@pezen: ii feel like we might be coming at games for totally different ends. I find myself, as I get older, enjoying longer open world single player experiences almost exclusivley. I generally won't pick up a tight narrative driven single player game unless it is exceptional either in story or gameplay.
i find what I really enjoy are environments that are fleshed out to the point that the worlds seem as if they could exist without the players involvement. Fallout NV and GTA 4 I feel are really good examples. I like exploring and finding new places and hopefully interesting Npcs just doing there own thing then being able to interact with them, more interesting than being spoon fed a narrative. I'm hoping as games improve there will be less and less moments of "thank god you arrived now can you do this for me" and npcs get more agency in open world games. Like a better version of skyrims radient ai.

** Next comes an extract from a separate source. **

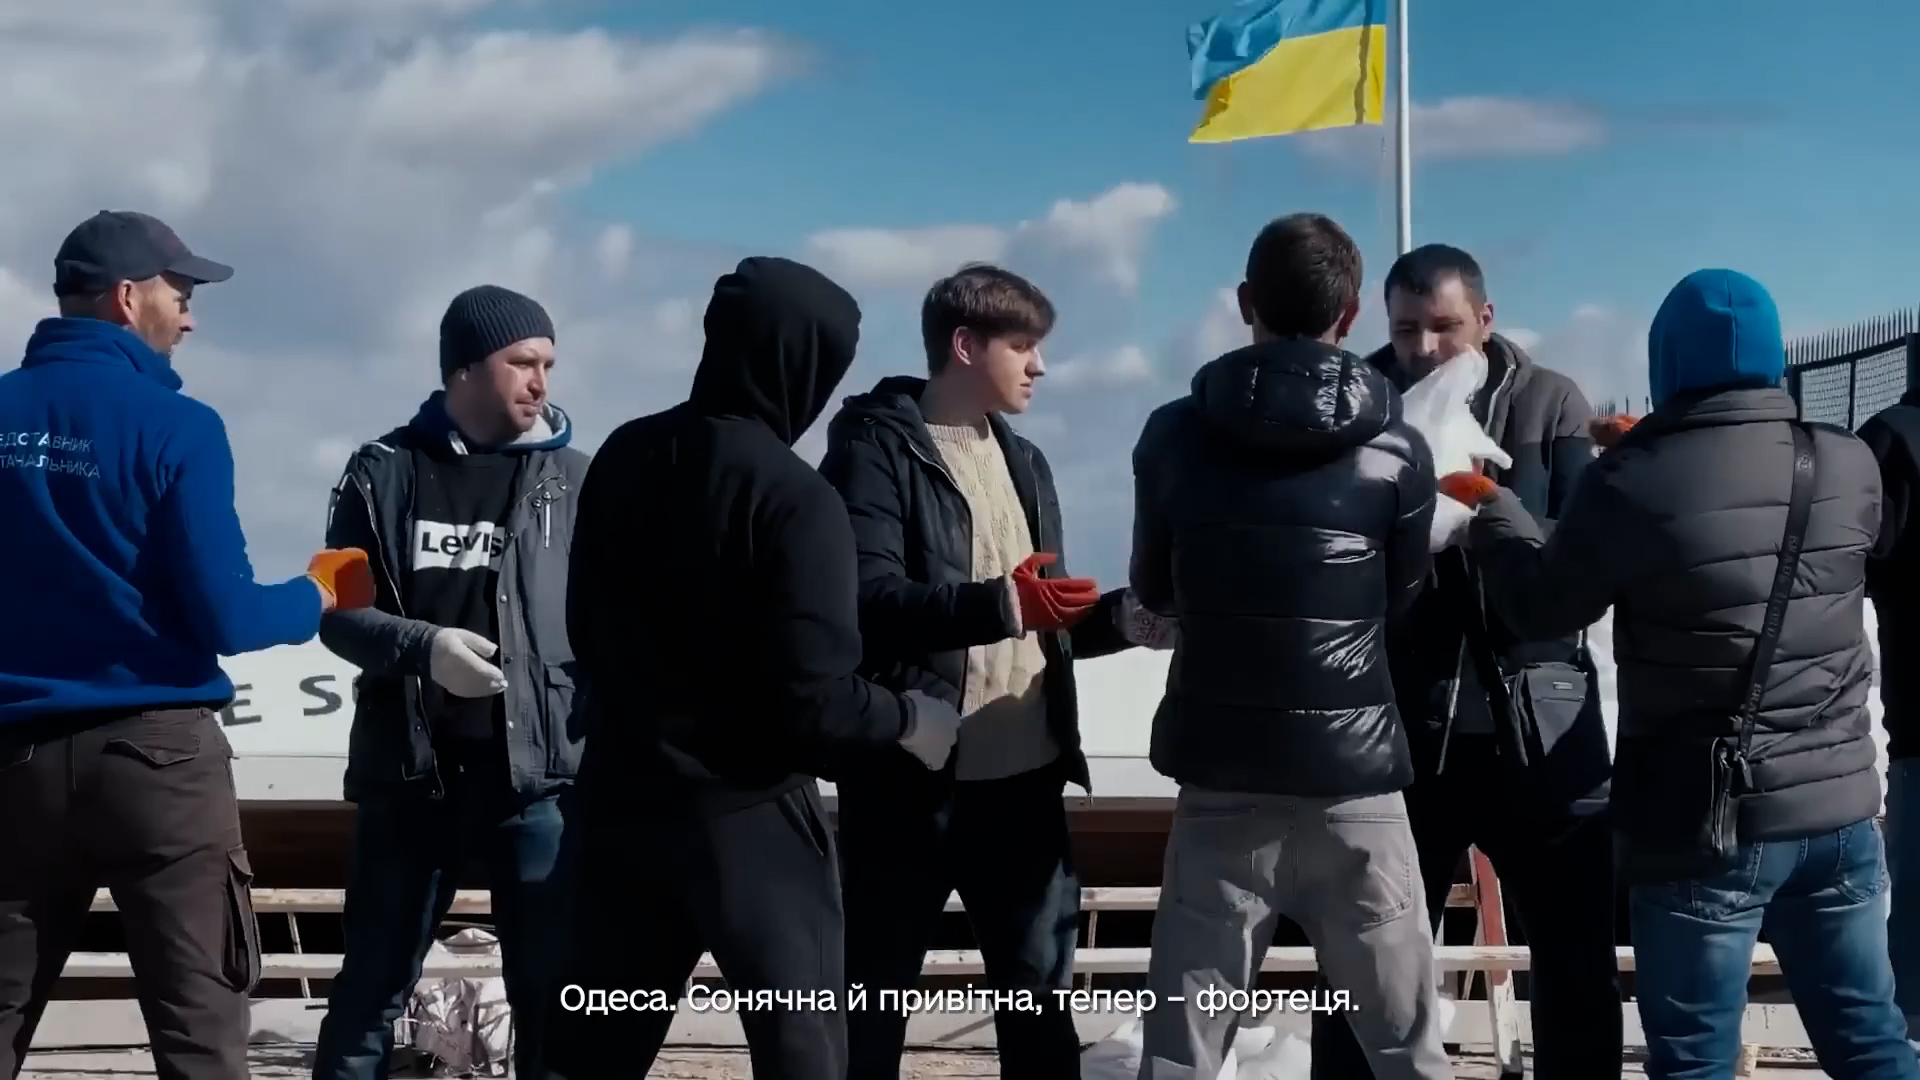 (ВИДЕО) В новогоднее обращение Зеленского вошли кадры репортажа NewsMaker из Одессы

I actually find focused games detract from my engagement with the world being conveyed, the fact that the environment has been set up exclusively for the player and the gameplay style takes me out of any kind of suspension of disbelief. Invisible walls and hallways with doors I can't enter, things I'm looking for conveniently in the next room perfectly positioned rubble and explosive barrels set peice after set piece, monster closets etc etc.
I think a lot of this has to do with the increase in fidelity, as graphics/voice/ motion capture get better the things you can't do in games and the limitations on developers becomes more pronounced,
and on a fundamental level An art asset reused 50 times in a massive open world, some of which i never saw over 40 hours of game time does not take me out of a game while an art asset reused 5 times in a period of 4 hours does, especially if its put on the critical path.